§ **Given information**
....
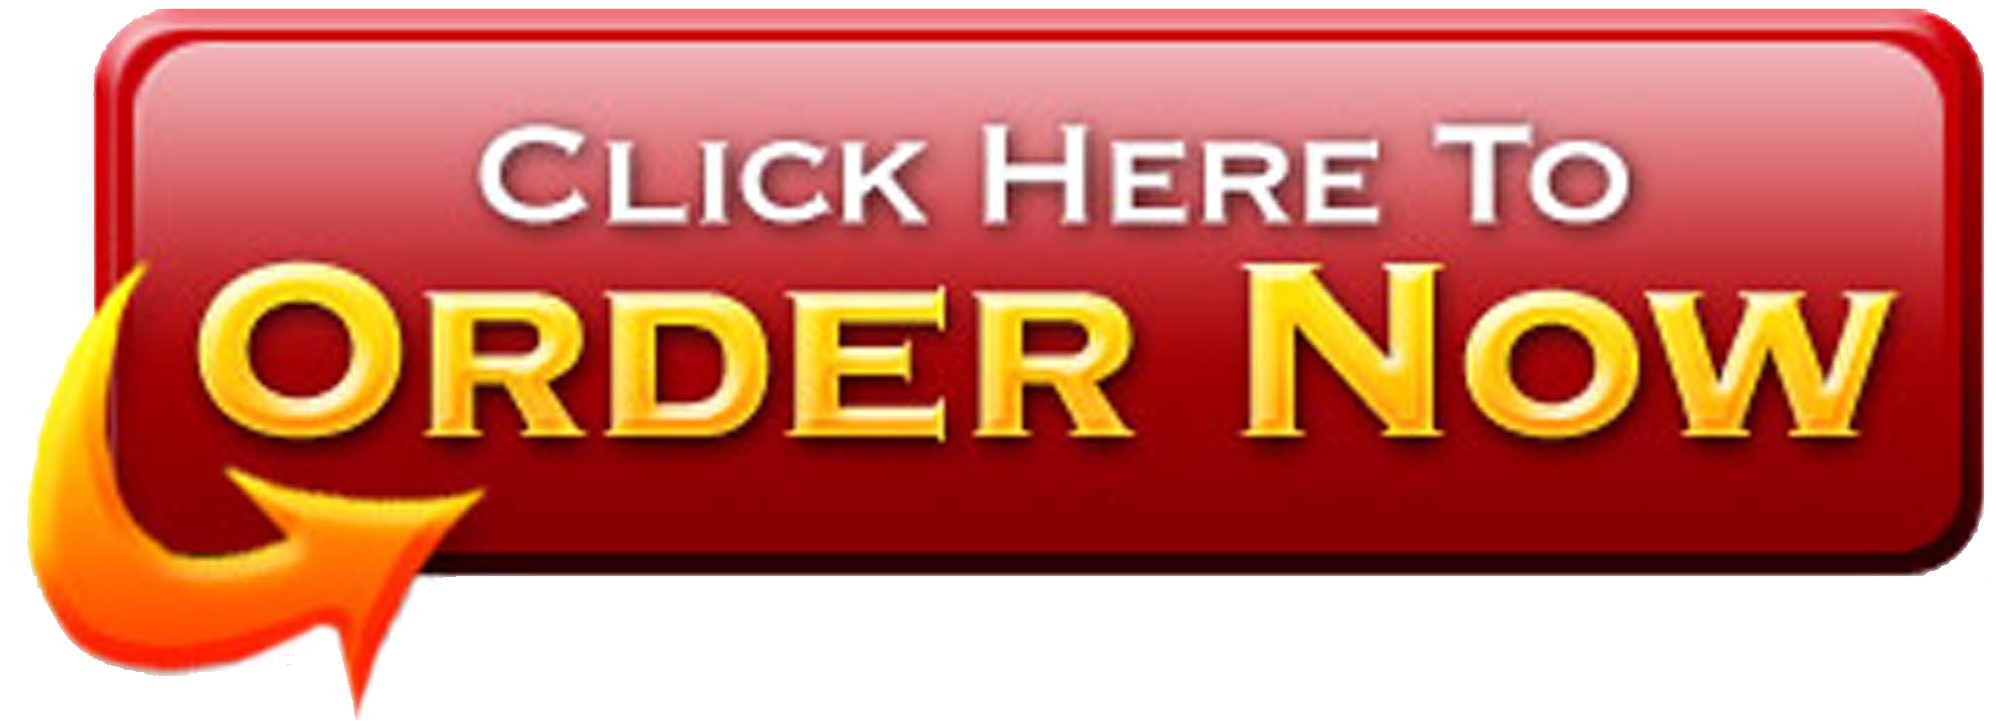 Order Now Button Flame Design PNG
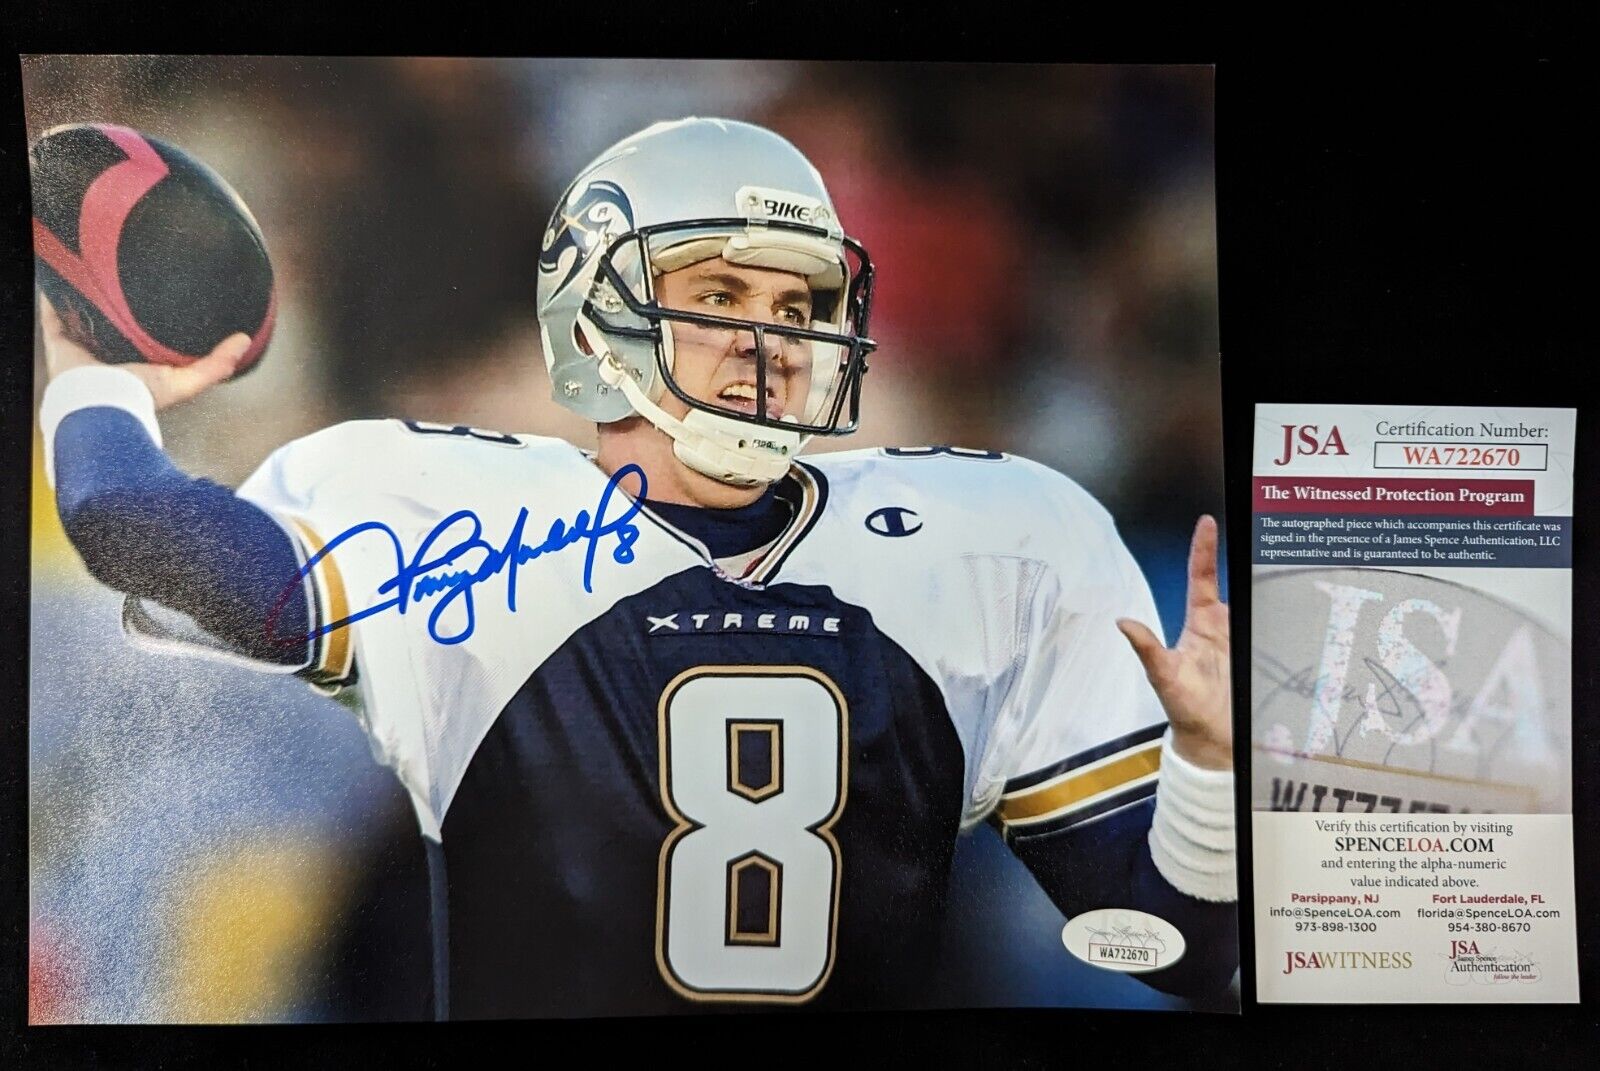 MVP Authentics Los Angeles Xtreme Tommy Maddox Autographed Signed 8X10 Photo Jsa Coa 40.50 sports jersey framing , jersey framing
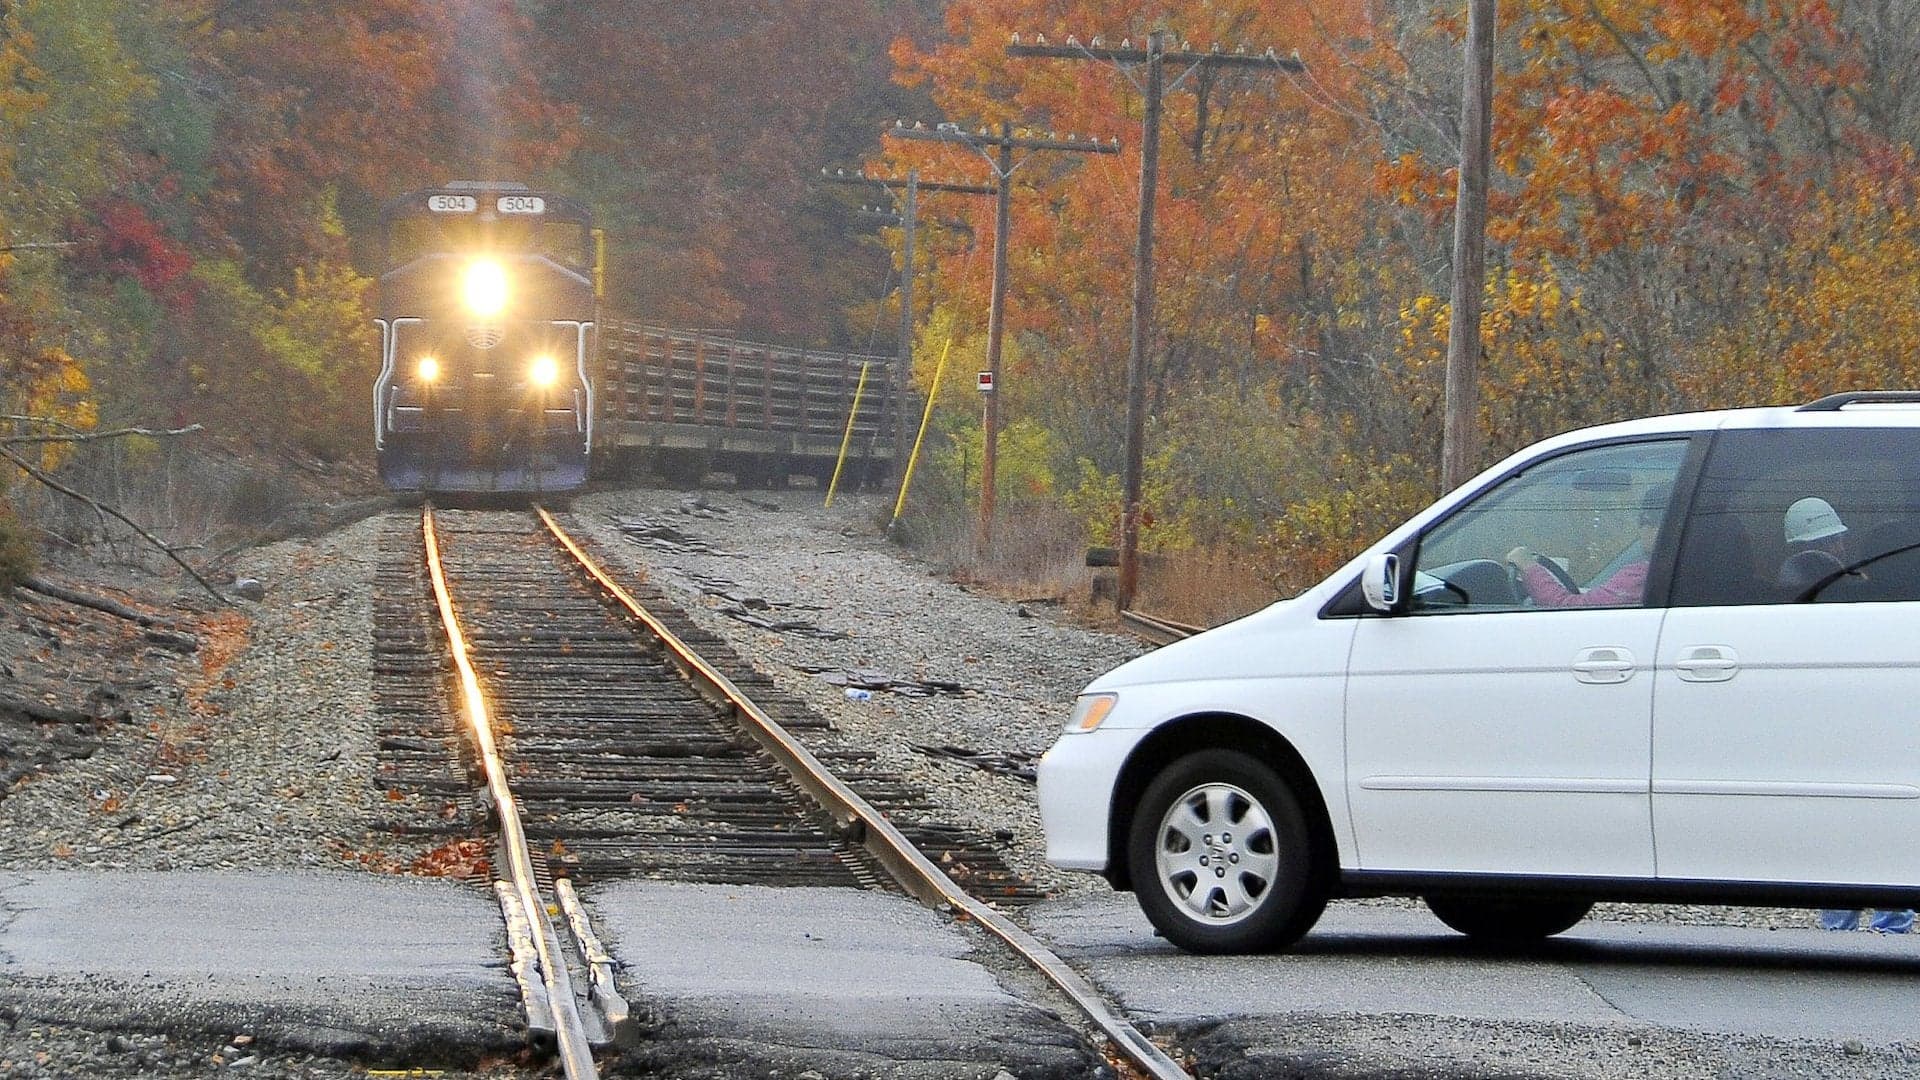 Cop, Brave Citizens Pull 96-Year-Old Woman From Car Seconds Before Train Hits
....
§ **What to do**
Once the pictures are dropped, repeat the data above exactly.

§ **Response for this exercise**
 Order Now Button Flame Design PNG
 MVP Authentics Los Angeles Xtreme Tommy Maddox Autographed Signed 8X10 Photo Jsa Coa 40.50 sports jersey framing , jersey framing
 Cop, Brave Citizens Pull 96-Year-Old Woman From Car Seconds Before Train Hits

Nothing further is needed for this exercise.